Gaussian Naive Bayes


In [1]:
%matplotlib inline
import util
import numpy as np
import pandas as pd
import matplotlib.pyplot as plt

In [9]:
variance = 0.2
data = 100
pos = [0,0]
pos_vec = [1.4, 1.4]
d1, d2, colors = util.create_isotropic_gaussian_twindataset(pos, data, variance, pos_vec)

# plot data with pandas wrapper
pd1 = pd.DataFrame(d1, columns=['x','y'])
pd2 = pd.DataFrame(d2, columns=['x','y'])
ax = pd1.plot(kind='scatter', x='x', y='y', figsize=(9,9), color=colors[0], label='Data 1')
pd2.plot(kind='scatter', x='x', y='y', figsize=(9,9), color=colors[1], label='Data 2', ax=ax)


Out[9]:
<matplotlib.axes._subplots.AxesSubplot at 0x7f671f96f470>

In [10]:
gaussian = util.GaussianNaiveBayes((d1,d2))

In [11]:
gaussian.learn()

In [12]:
gaussian.plot_discriminant_function(colors)



In [ ]:


In [13]:
train_data = []
test_data = []
test_names = []
train_names = []
total_amount = 0
for root, files in util.get_person_images('../lfw_funneled/', 'jpg', 70):
    name, data, amount = util.get_dataset(root, files, 2, 3.2)
    test_amount = int(np.ceil(amount*0.4))
    train_amount = int(np.floor(amount*0.6))
    index = np.arange(0, amount, dtype=np.int)
    total_amount = total_amount + amount
    # shuffle index to select random images
    np.random.shuffle(index)
    # save name vector
    test_names.extend([name]*test_amount)
    train_names.extend([name]*train_amount)
    train_data.append(np.asmatrix([data[index] for index in index[test_amount:]]))
    test_data.append(np.asmatrix([data[index] for index in index[:test_amount]]))
    print("{} hat {} Trainings Bilder und {} Test Bilder".format(name, train_amount, test_amount))

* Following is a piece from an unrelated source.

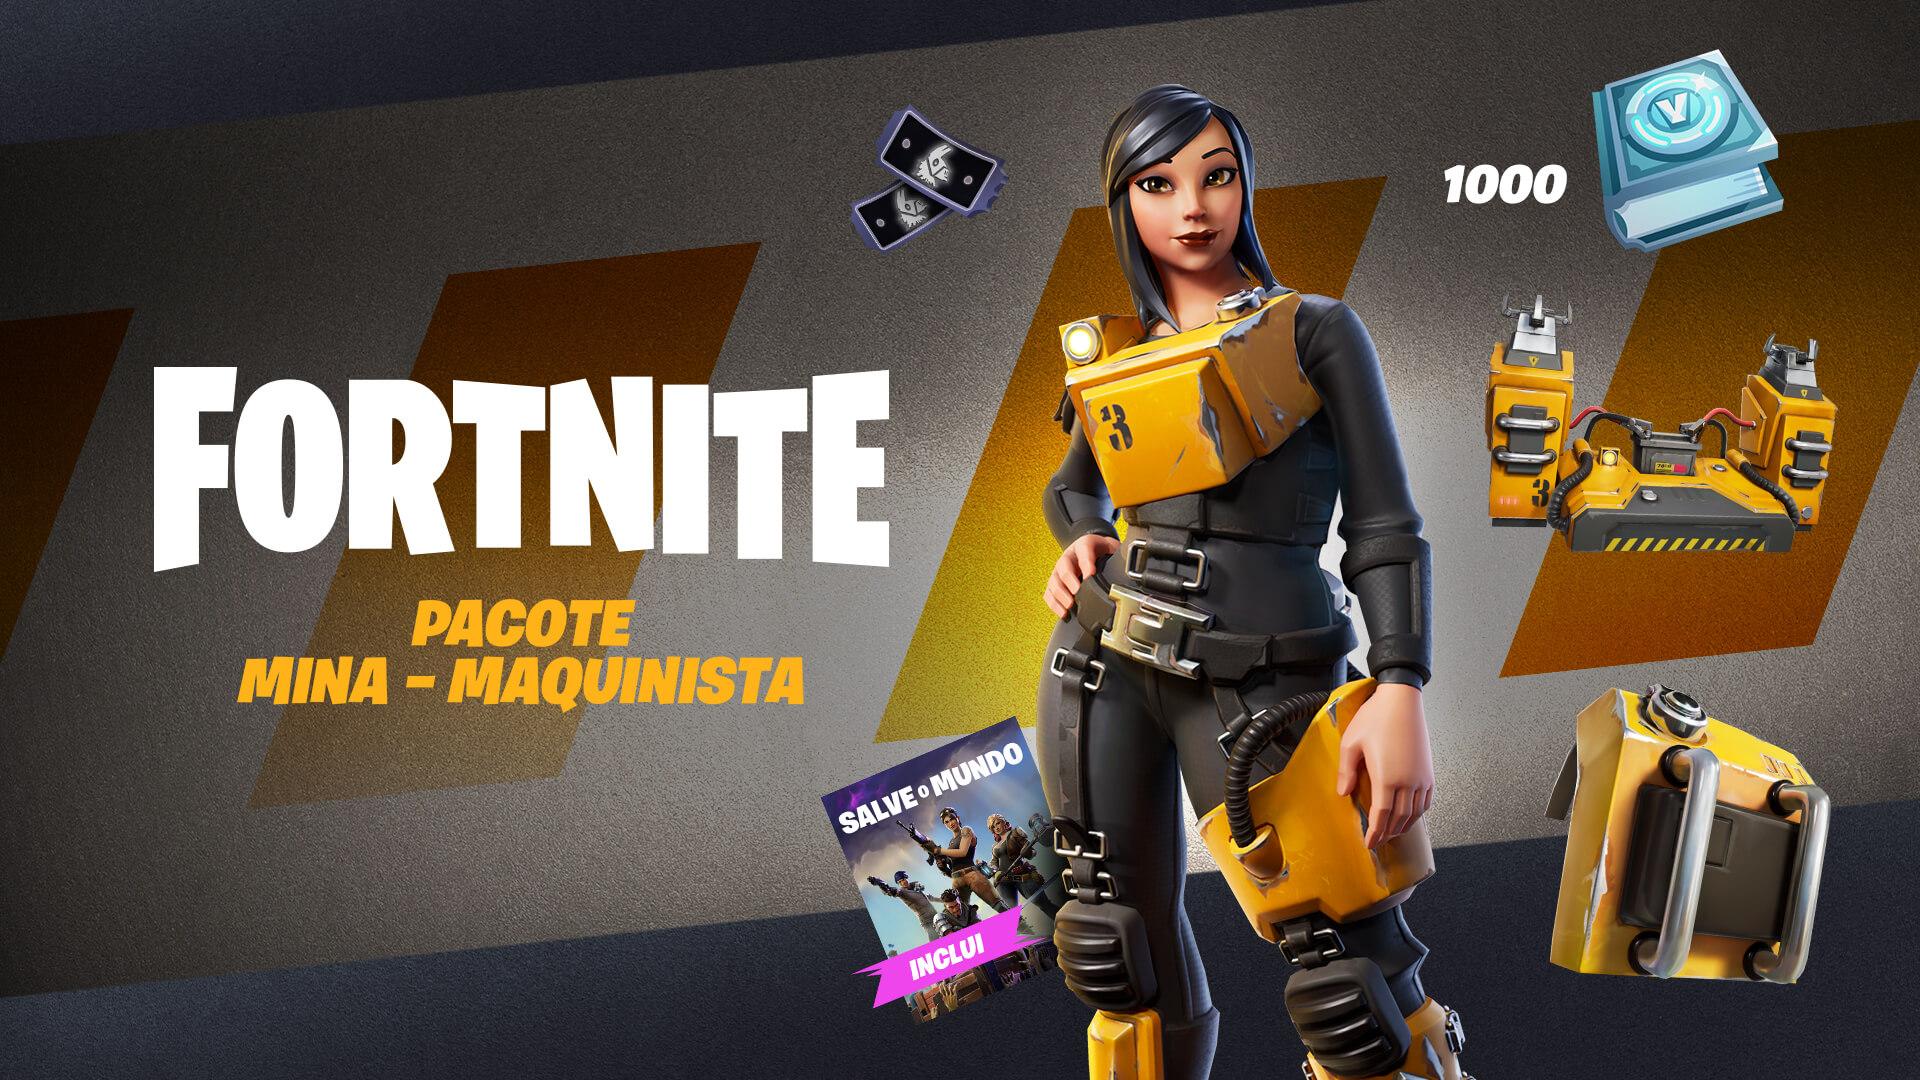 Fortnite Save The World Machinist Mina Pack PTBR

Colin_Powell hat 141 Trainings Bilder und 95 Test Bilder
George_W_Bush hat 318 Trainings Bilder und 212 Test Bilder
Hugo_Chavez hat 42 Trainings Bilder und 29 Test Bilder
Ariel_Sharon hat 46 Trainings Bilder und 31 Test Bilder
Tony_Blair hat 86 Trainings Bilder und 58 Test Bilder
Gerhard_Schroeder hat 65 Trainings Bilder und 44 Test Bilder
Donald_Rumsfeld hat 72 Trainings Bilder und 49 Test Bilder

In [14]:
train_design_matrix = np.asmatrix(np.concatenate(train_data))
test_design_matrix = np.asmatrix(np.concatenate(test_data))

In [15]:
print("Insgesamt gibt es {} Trainings Bilder und {} Test Bilder".format(train_design_matrix.shape, test_design_matrix.shape))

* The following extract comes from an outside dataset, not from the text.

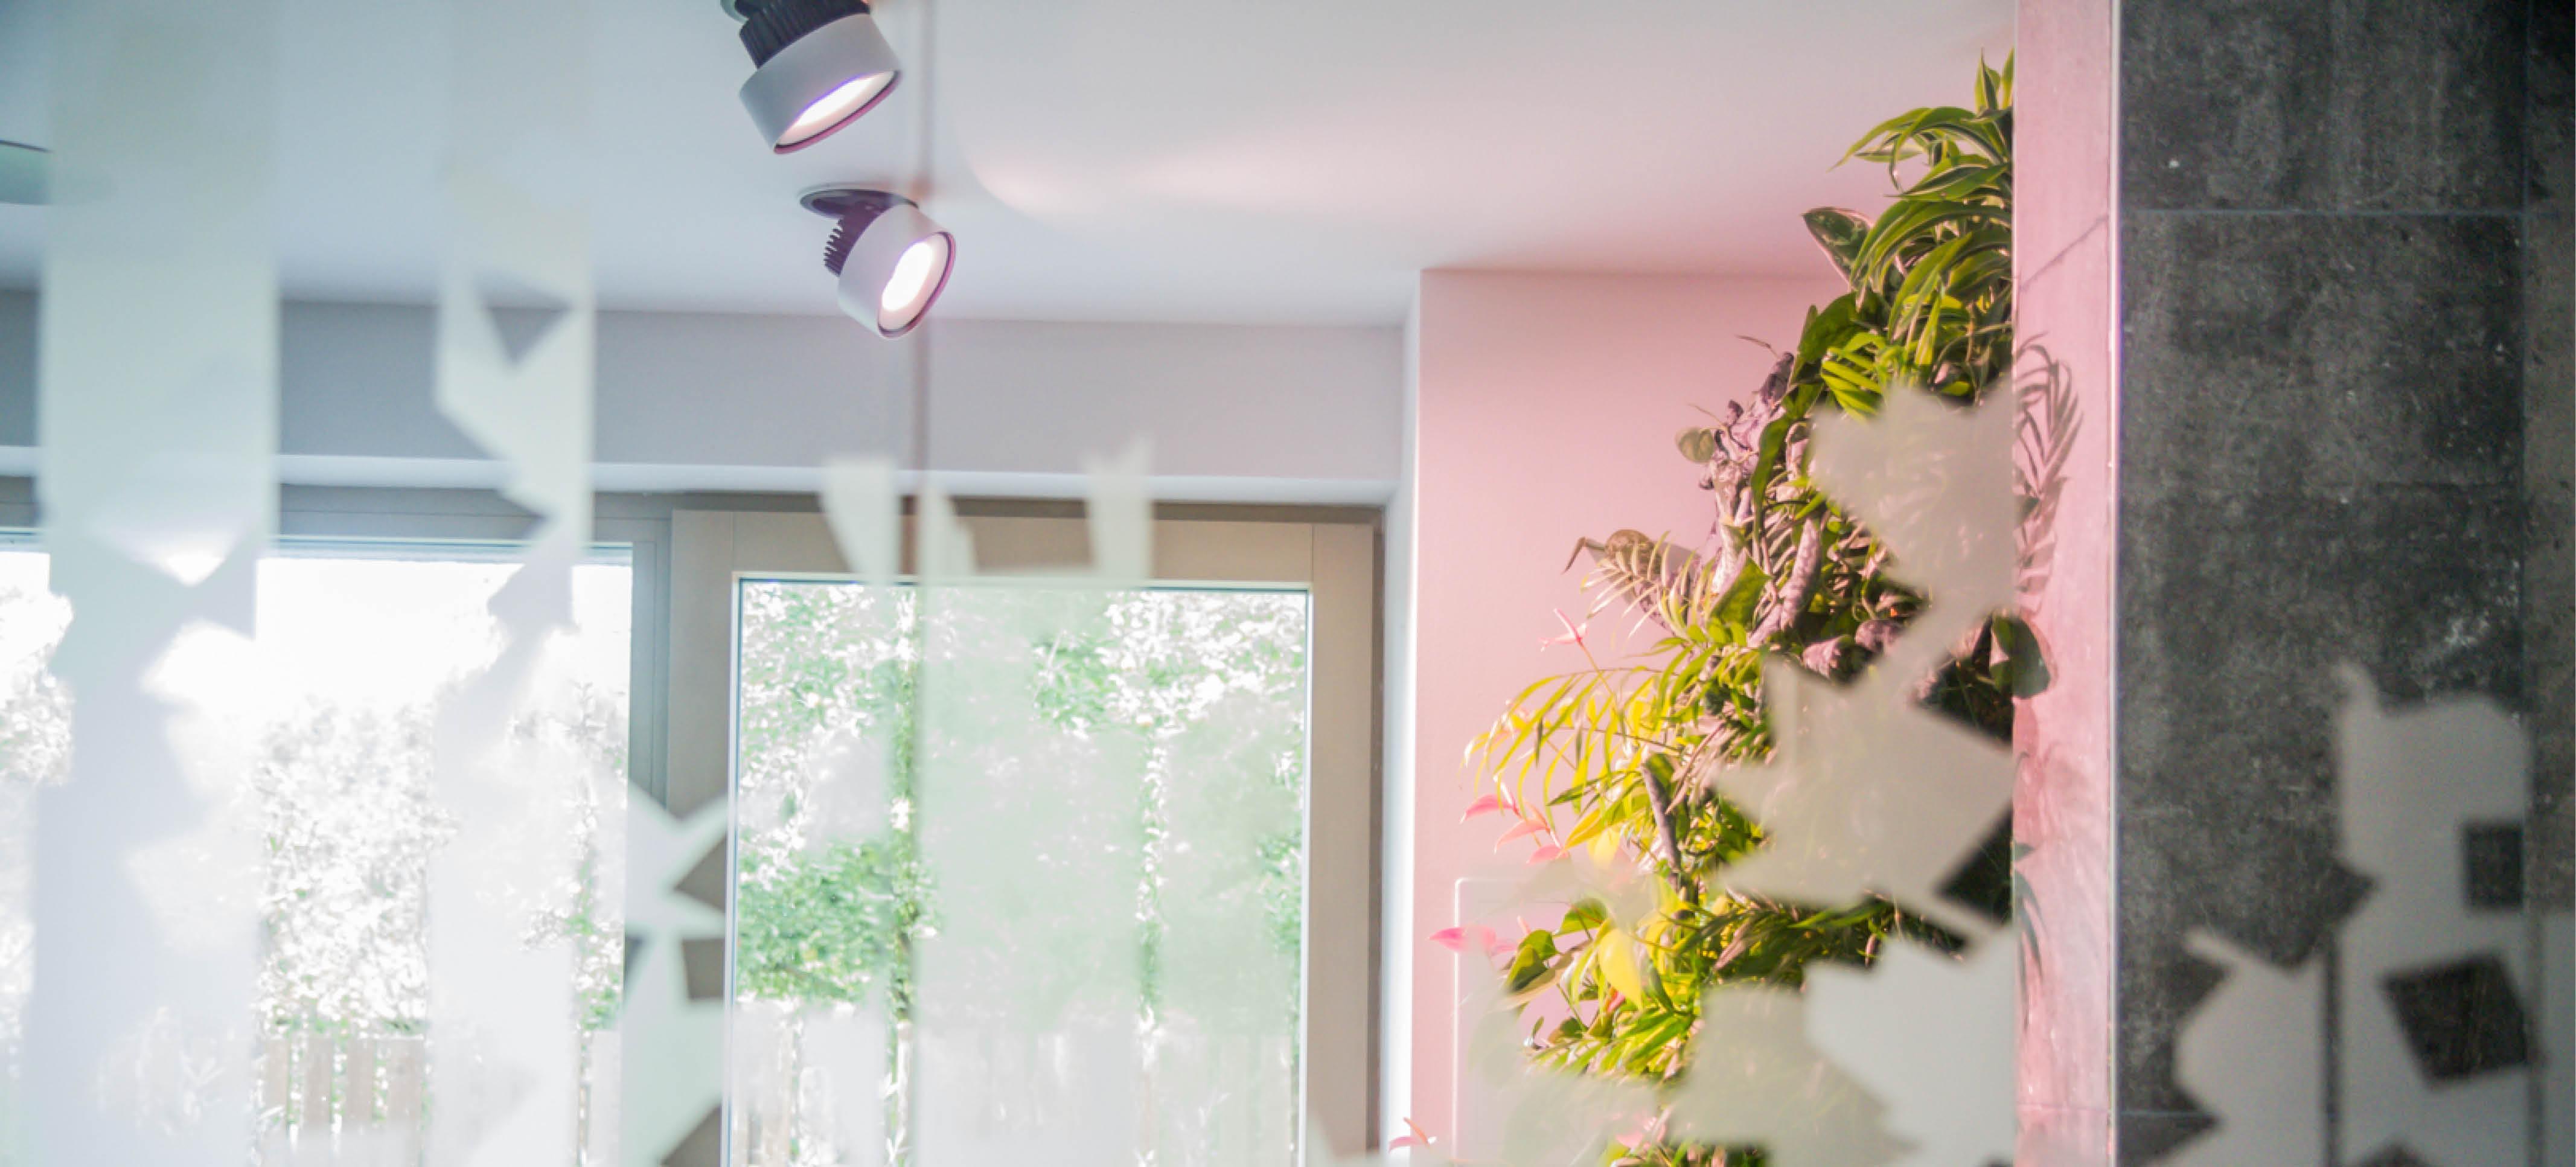 interiér inspirovaný přírodou

Insgesamt gibt es (770, 2209) Trainings Bilder und (518, 2209) Test Bilder

In [16]:
# align test and training data
train_mean = np.mean(train_design_matrix, axis=1)
test_mean = np.mean(test_design_matrix, axis=1)
train_aligned = train_design_matrix - train_mean
test_aligned = test_design_matrix - test_mean

In [17]:
u, d, v = np.linalg.svd(train_aligned, full_matrices=False)
u.shape, d.shape, v.shape


Out[17]:
((770, 770), (770,), (770, 2209))

In [18]:
# Plot the first 12 eigenfaces
fig = plt.figure()    
fig, ax = plt.subplots(figsize=(14, 14))
for i, eigenface in enumerate(v[:7], start=1):
    plt.subplot(1, 7, i)
    dim = np.sqrt(eigenface.shape[1])
    plt.imshow(np.reshape(eigenface, (dim, dim)), cmap=plt.gray())

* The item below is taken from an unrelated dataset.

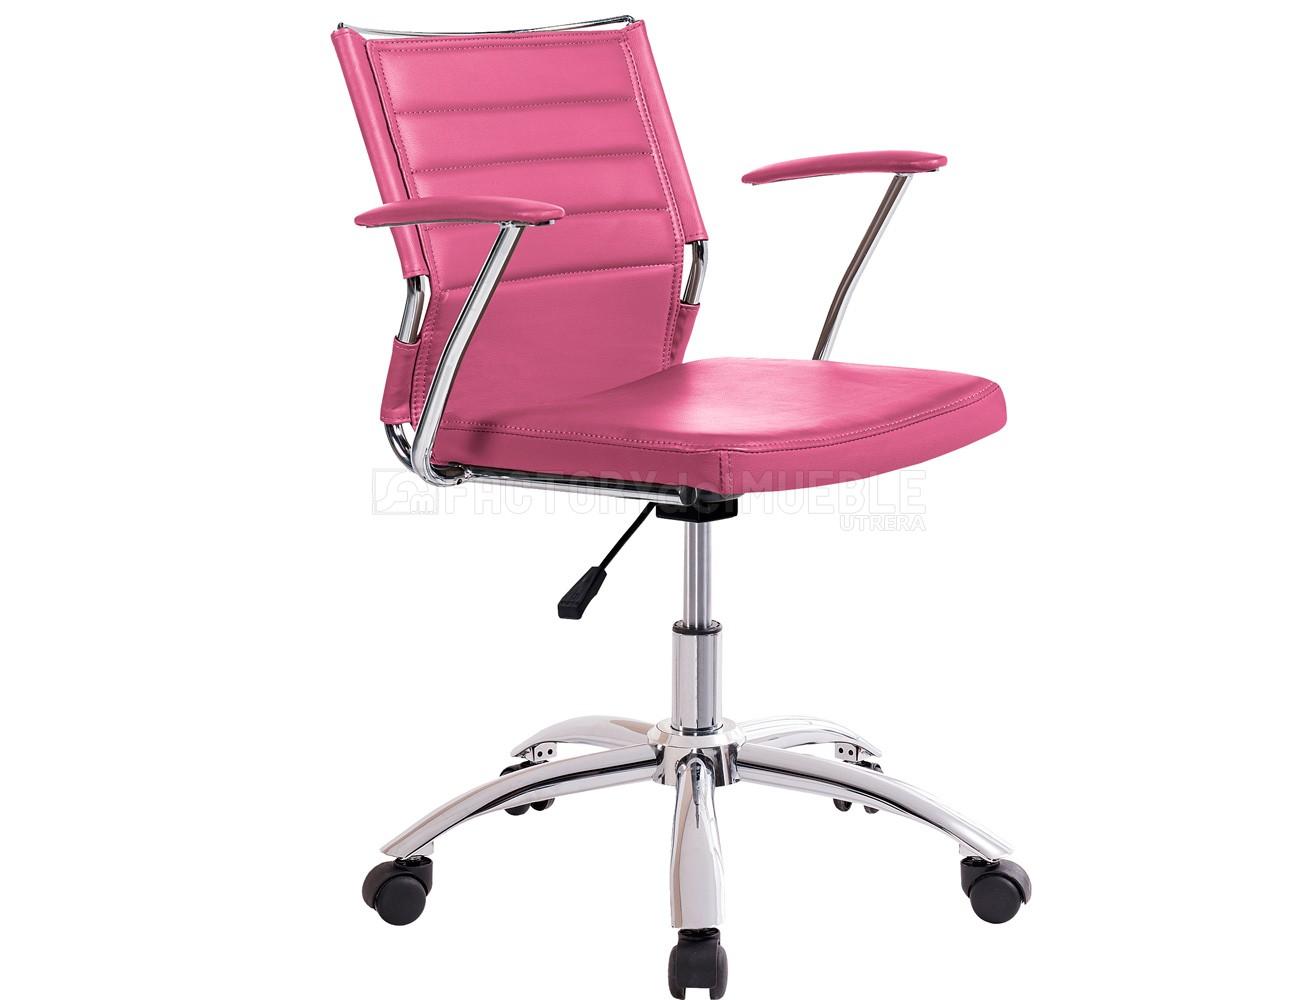 Silla oficina despacho regulable altura apoya brazos polipiel rosa ruedas

<matplotlib.figure.Figure at 0x7f671f7b7fd0>

In [19]:
features = 7
train_projected = np.dot(v[:features], train_aligned.T).T
test_projected = np.dot(v[:features], test_aligned.T).T

In [20]:
print("Shape Projiziert: train {}, test {}".format(np.shape(train_projected), np.shape(test_projected)))


Shape Projiziert: train (770, 7), test (518, 7)

In [21]:
person = 'George_W_Bush'
#person = 'Ariel_Sharon'

train_mask_george = np.asmatrix(train_names) == person
test_mask_george = np.asmatrix(test_names) == person

In [22]:
train_george = np.compress(train_mask_george[0,:], train_projected, axis=0)
train_not_george = np.compress((~train_mask_george)[0,:], train_projected, axis=0)
train_labels = np.asarray([-1 if b else 1 for b in train_mask_george[0,:]])

test_george = np.compress(test_mask_george[0,:], test_projected, axis=0)
test_not_george = np.compress(~test_mask_george[0,:], test_projected, axis=0)
test_labels = np.asarray([-1 if b else 1 for b in test_mask_george[0,:]])

In [23]:
gaussian = util.GaussianNaiveBayes((train_george, train_not_george))

In [24]:
gaussian.learn()

In [25]:
gaussian.classify(test_projected,test_labels)


False negative (Miss): 196 --> 37.84%
False positive (Fehlalarmrate): 139 --> 26.83%
True negative (korrekte Rückweisung): 73 --> 14.09%
True positive (Detektionswahrscheinlichkeit): 110 --> 21.24%
Out[25]:
(110, 139)

In [ ]:


In [ ]:


In [ ]: